By analyzing existing cross correlation between Rio Tinto ADR and Arq Inc, you can compare the effects of market volatilities on Rio Tinto and Arq and check how they will diversify away market risk if combined in the same portfolio for a given time horizon. You can also utilize pair trading strategies of matching a long position in Rio Tinto with a short position of Arq. Check out your portfolio center. Please also check ongoing floating volatility patterns of Rio Tinto and Arq.

Diversification Opportunities for Rio Tinto and Arq

0.52
  Correlation Coefficient

Very weak diversification

The 3 months correlation between Rio and Arq is 0.52. Overlapping area represents the amount of risk that can be diversified away by holding Rio Tinto ADR and Arq Inc in the same portfolio, assuming nothing else is changed. The correlation between historical prices or returns on Arq Inc and Rio Tinto is a relative statistical measure of the degree to which these equity instruments tend to move together. The correlation coefficient measures the extent to which returns on Rio Tinto ADR are associated (or correlated) with Arq. Values of the correlation coefficient range from -1 to +1, where. The correlation of zero (0) is possible when the price movement of Arq Inc has no effect on the direction of Rio Tinto i.e., Rio Tinto and Arq go up and down completely randomly.

Pair Corralation between Rio Tinto and Arq

Considering the 90-day investment horizon Rio Tinto is expected to generate 11.47 times less return on investment than Arq. But when comparing it to its historical volatility, Rio Tinto ADR is 5.94 times less risky than Arq. It trades about 0.13 of its potential returns per unit of risk. Arq Inc is currently generating about 0.25 of returns per unit of risk over similar time horizon. If you would invest  381.00  in Arq Inc on March 2, 2025 and sell it today you would earn a total of  128.00  from holding Arq Inc or generate 33.6% return on investment over 90 days.
Time Period3 Months [change]
DirectionMoves Together 
StrengthWeak
Accuracy100.0%
ValuesDaily Returns

Rio Tinto ADR  vs.  Arq Inc

 Performance 
       Timeline  
Rio Tinto ADR 

Risk-Adjusted Performance

Weak

 
Weak
 
Strong
Compared to the overall equity markets, risk-adjusted returns on investments in Rio Tinto ADR are ranked lower than 2 (%) of all global equities and portfolios over the last 90 days. In spite of very healthy forward indicators, Rio Tinto is not utilizing all of its potentials. The latest stock price disarray, may contribute to short-term losses for the investors.
Arq Inc 

Risk-Adjusted Performance

Weak

 
Weak
 
Strong
Compared to the overall equity markets, risk-adjusted returns on investments in Arq Inc are ranked lower than 2 (%) of all global equities and portfolios over the last 90 days. Even with relatively weak basic indicators, Arq may actually be approaching a critical reversion point that can send shares even higher in July 2025.
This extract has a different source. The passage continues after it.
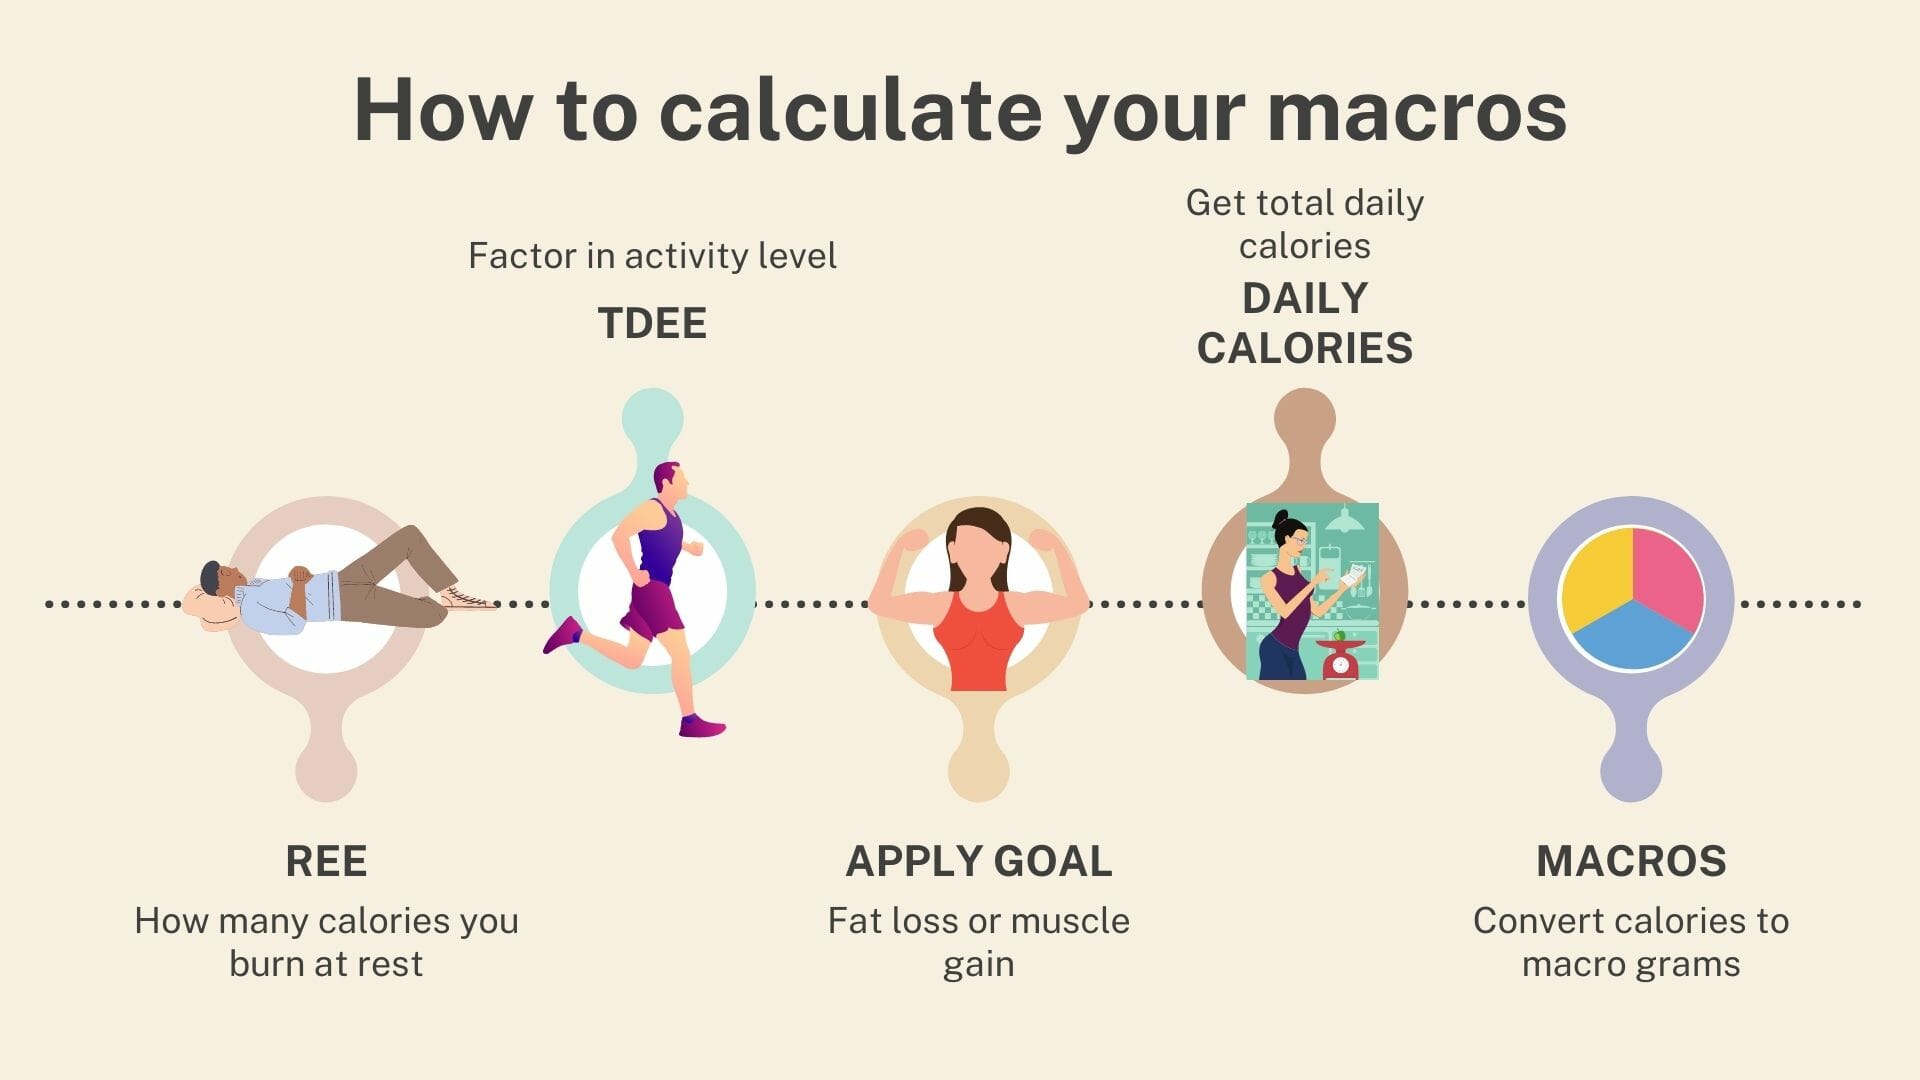 https://healthyeater.com/wp-content/uploads/2021/04/How-to-calculate-your-macros.jpg

Rio Tinto and Arq Volatility Contrast

   Predicted Return Density   
       Returns  

Pair Trading with Rio Tinto and Arq

The main advantage of trading using opposite Rio Tinto and Arq positions is that it hedges away some unsystematic risk. Because of two separate transactions, even if Rio Tinto position performs unexpectedly, Arq can make up some of the losses. Pair trading also minimizes risk from directional movements in the market. For example, if an entire industry or sector drops because of unexpected headlines, the short position in Arq will offset losses from the drop in Arq's long position.
The idea behind Rio Tinto ADR and Arq Inc pairs trading is to make the combined position market-neutral, meaning the overall market's direction will not affect its win or loss (or potential downside or upside). This can be achieved by designing a pairs trade with two highly correlated stocks or equities that operate in a similar space or sector, making it possible to obtain profits through simple and relatively low-risk investment.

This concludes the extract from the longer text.